- Mágicos não usam truques, usam metáforas! – bradou como se tivesse descoberto o céu.
- Como você pode ter tanta certeza disso? – retorquiu o reverendo.
- Girassóis, professor, girassóis...
- Explique-se, senhorita Belinda.
- O senhor nunca ouviu os girassóis? Todos os dias, eles se curvam diante do Sol e pedem licença para que as outras estrelas não percam o seu brilho... – agora, já de pé, contando estrelas de isopor penduradas no teto.
- Muito bem, senhorita Belinda, chega de poesia. As noites se originam do movimento da Terra em torno do seu próprio eixo. O Sol não interfere em nada. – fechou seu caderno de anotações bruscamente e mirava-a como um atirador franco-prussiano em dias da antiga guerra.
- O senhor é mesmo surdo! A Terra gira porque o Sol canta melodias e, de tão contente, ela não se cansa de bailar... – suspirou profundamente, buscando paciência.
- Barbaridade... Barbaridade... Você não tem mais jeito, menina! Encerramos por hoje... – expelia enquanto caminhava até a porta... – é melhor descansar, avisarei seu pai.
Belinda o fitou docemente com um sorriso furtivo, como se já esperasse, já aguardasse... o momento em que ele partiria sem entender o seu tesouro. Ela nunca aprenderia algo com a escola se a escola insistisse em nunca estudá-la. A verdade é inútil se for engolida.

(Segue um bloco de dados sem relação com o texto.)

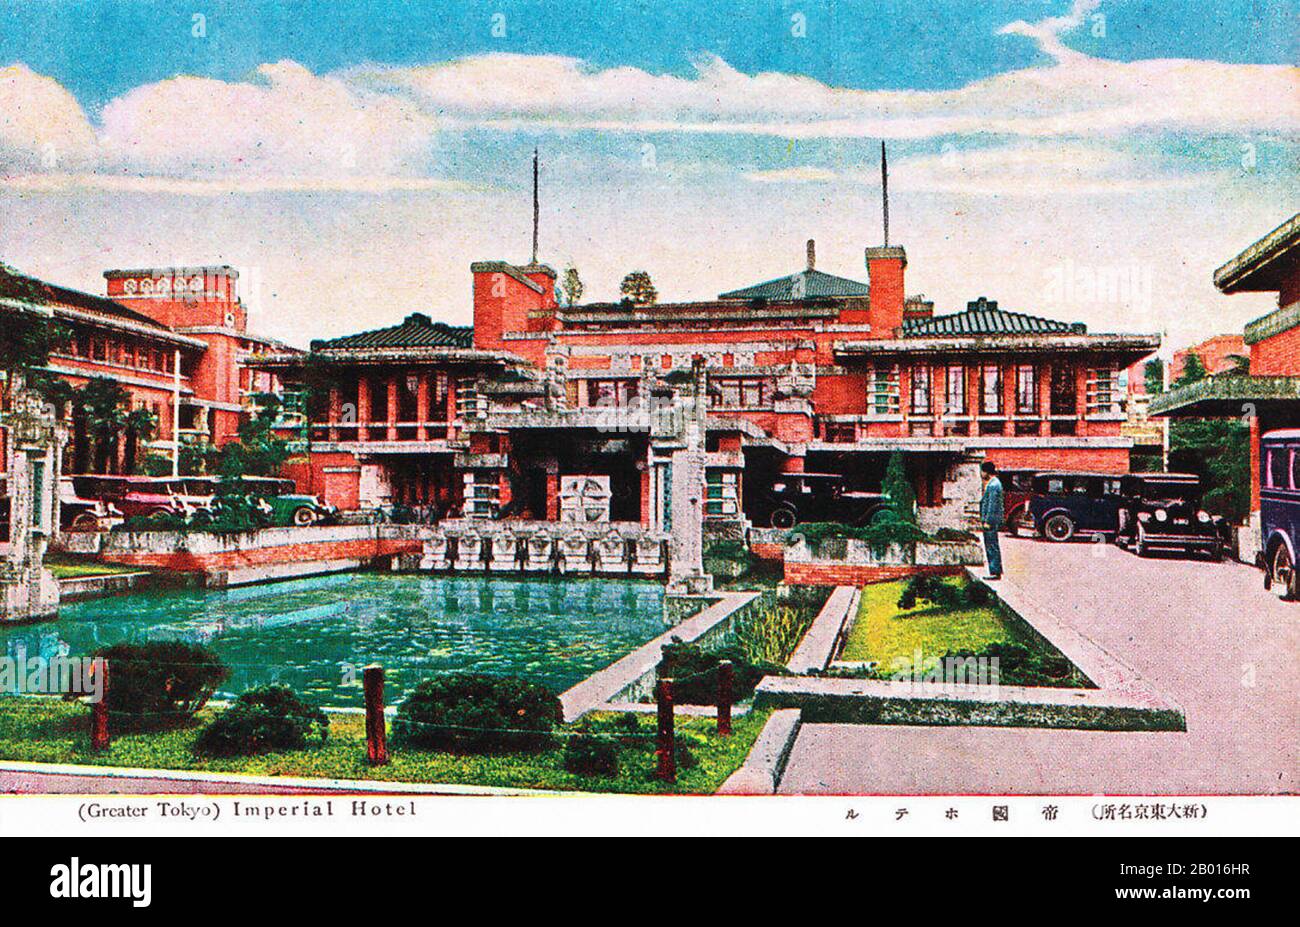 Japon : '(Great Tokyo) Imperial Hotel'.Carte postale, c.1920. Le deuxième hôtel impérial, construit entre 1915 et 1923, était le plus connu des bâtiments de Frank Lloyd Wright au Japon.Il a été conçu en gros dans la forme de son propre logo, avec les ailes de la chambre d'hôtes formant la lettre 'H'.Il a survécu au grand tremblement de terre de Kanto en 1923, ainsi qu'à la Seconde Guerre mondiale, et a été démoli en 1968. Banque D'Images

A porta se fechou e o sinal bateu, enfim poderia passar o resto do dia no pátio, contando histórias para as margaridas...
...
Argh! Como explicar para você, pobre leitor desalmado?! Que o que ela tinha era ceticismo demais?! Narrar... Narrar... Narrar! Só assim a liga metálica se desfaz...
...
, cochichando para si mesma as vírgulas dos meus pontos finais, sorria a Belinda cuja beleza não era minha. Entre garçons e clientes, lá estava ela, a minha única platéia. O que ela avistava? Um músico sem aplausos?
- “Eu, pensando em você
Pensando em nunca mais
Pensar em te esquecer
Pois quando penso em você
É quando não me sinto só
Com minhas letras e canções
Com o perfume das manhãs
Com a chuva dos verões
Com o desenho das maçãs
E com você me sinto bem.”
- “ Eu estou pensando em você
Pensando em nunca mais
- Eu volto amanhã, obrigado. – disse, virando para guardar meu violão.
- Será o fim ser assim, Serafim?
- Perdão, quem...? –ousei, levantando os olhos. Ela sorria com as mãos roubando uma flor do meu paletó.
– ah.. Assim como?
- Flor... pétala e espinho. Por que todo mundo só lembra da pétala?– já sentada do meu lado.
- Acho que porque é mais doce... – falei como que dizendo algo óbvio.
- é... mas o espinho vem antes. – contesta da forma mais tímida possível.
- Oras, Belinda, você prefere a dor do que a doçura?
- Claro que não! Eu prefiro os dois. Eu... Eu gosto é da flor...
- Mas nem toda flor tem espinho!
- As desse tipo já sabem o fim.
- E qual é o fim?
- As pessoas roubaram seus espinhos.
- Enlouqueceu? Por que as pessoas iriam querer dor?
- Jamais... Roubar o espinho é ter só beleza.
- Acha mesmo?
- Não.
- Como não?
- E eu tenho que dizer tudo? Pois me diga você, o moço que carrega o fim pela vida.
- Pergunta difícil... – não contive o sorriso – Todas as noites, eu toco para pessoas que não possuem ouvidos, mas não me importa, enquanto eu ouvir minha música, o precipício é do outro que não alcança minha arte.
- Viu só como sabia! – afanou meus cabelos – As pessoas ignoram o óbvio.
- Ignoram, mas não enxergo aqui a tal ignorância...
- Espinhos não são tropeços de Deus. A doçura vem de cortes profundos... Ah! – levantou-se num salto – tenho que ir ver Judith! Quase me esqueço.
- Judith?
- Minha borboleta. – beijou-me a fronte – Amanhã me dará outro final?
- Talvez... – devorando seus olhos - Se me disser então o que é belo.
Ela partiu sem dizer mais nada. Ela não tinha nada mais a dizer.O belo não é para ser dito.